LOL dude... I thought you had FALLEN into a pond and came here for pictures and expression on your face..


----------



## zozo (18 Nov 2016)

Next to growing plants.. Breed daphnia  etc.. This year i discovered if you make running water in something like a gutter filled with little flat stones you will have a daily supply of blackfly larvae attached to the stones till mid summer. Fish love you for it..


----------



## PARAGUAY (18 Nov 2016)

zozos own " Mission Bathtub" in ponds is worth a look for ideas and inspiration


----------



## kadoxu (18 Nov 2016)

rebel said:


> LOL dude... I thought you had FALLEN into a pond and came here for pictures and expression on your face..

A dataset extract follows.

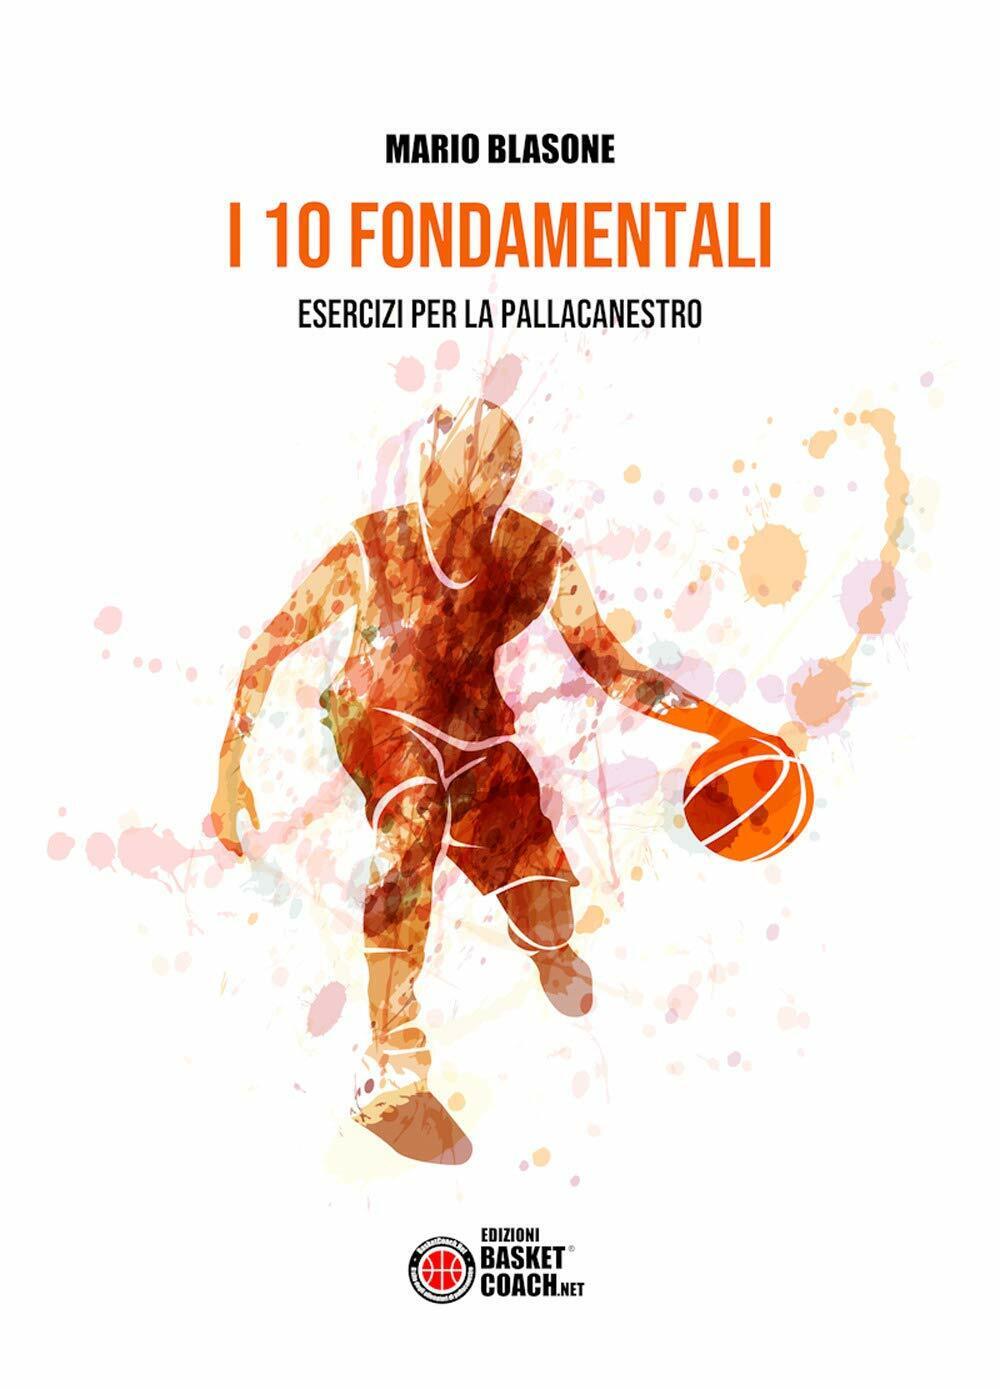 I 10 fondamentali. Esercizi per la pallacanestro - Mario Blasone - 2019 libro usato

Not being an English native speaker/writer means sometimes I write "in" instead of "on"... it has been quite a laughing trigger for a few times!


----------



## kadoxu (18 Nov 2016)

zozo said:


> Next to growing plants.. Breed daphnia  etc.. This year i discovered if you make running water in something like a gutter filled with little flat stones you will have a daily supply of blackfly larvae attached to the stones till mid summer. Fish love you for it..


I still don't have any fish to eat them, but it's something to keep in mind! 



PARAGUAY said:


> zozos own " Mission Bathtub" in ponds is worth a look for ideas and inspiration


I've seen it before, it's awesome! I'd love to have something like that someday...

Unfortunately, the pond is on the front garden witch doesn't even have a fence... I may be being naive, since I haven't done much research so far, but I'm looking to do something that doesn't really need power and is kinda low maintenance, I don't know if that's even possible or not! 

This is the best picture I can find of the pond (had to use google maps, and the pic is from 2009)


 

The space hasn't been cared for for at least a couple of years, to the point that I only saw the pond on the second visit I made to the place... lol


----------



## zozo (18 Nov 2016)

Lilies are ideal for a stagnant water body, search for Nymphaea Pygmaea, you'll find only a few, out of my head the ALba and Helvola will be very suitable for a tub like that.

I see it has some reet in it now, so could be the inside has elevated levels to the side to put baskets on. Iris is a very nice but also very agressive it needs regular trimming. But it has beautifull flowers early in the spring time. You could acompany it with Hesperanta coccinea, which flowers in the fall.. Just hop into the pond shops plant corner, there are numerous possibilities with winter hardy bog plants.. They are all divided in zones 1,2,3,4 etc. 1 is marginal > 4 are aquatics, like elodea and potamogeton sp. or non rooting floaters like pistia.


----------



## kadoxu (18 Nov 2016)

zozo said:


> Lilies are ideal for a stagnant water body, search for Nymphaea Pygmaea, you'll find only a few, out of my head the ALba and Helvola will be very suitable for a tub like that.
> 
> I see it has some reet in it now, so could be the inside has elevated levels to the side to put baskets on. Iris is a very nice but also very agressive it needs regular trimming. But it has beautifull flowers early in the spring time. You could acompany it with Hesperanta coccinea, which flowers in the fall.. Just hop into the pond shops plant corner, there are numerous possibilities with winter hardy bog plants.. They are all divided in zones 1,2,3,4 etc. 1 is marginal > 4 are aquatics, like elodea and potamogeton sp. or non rooting floaters like pistia.


I'm not sure, but I think there was kind of a basket inside with a couple of plants in it.
Thank you! This is exactly what I'm looking for!


----------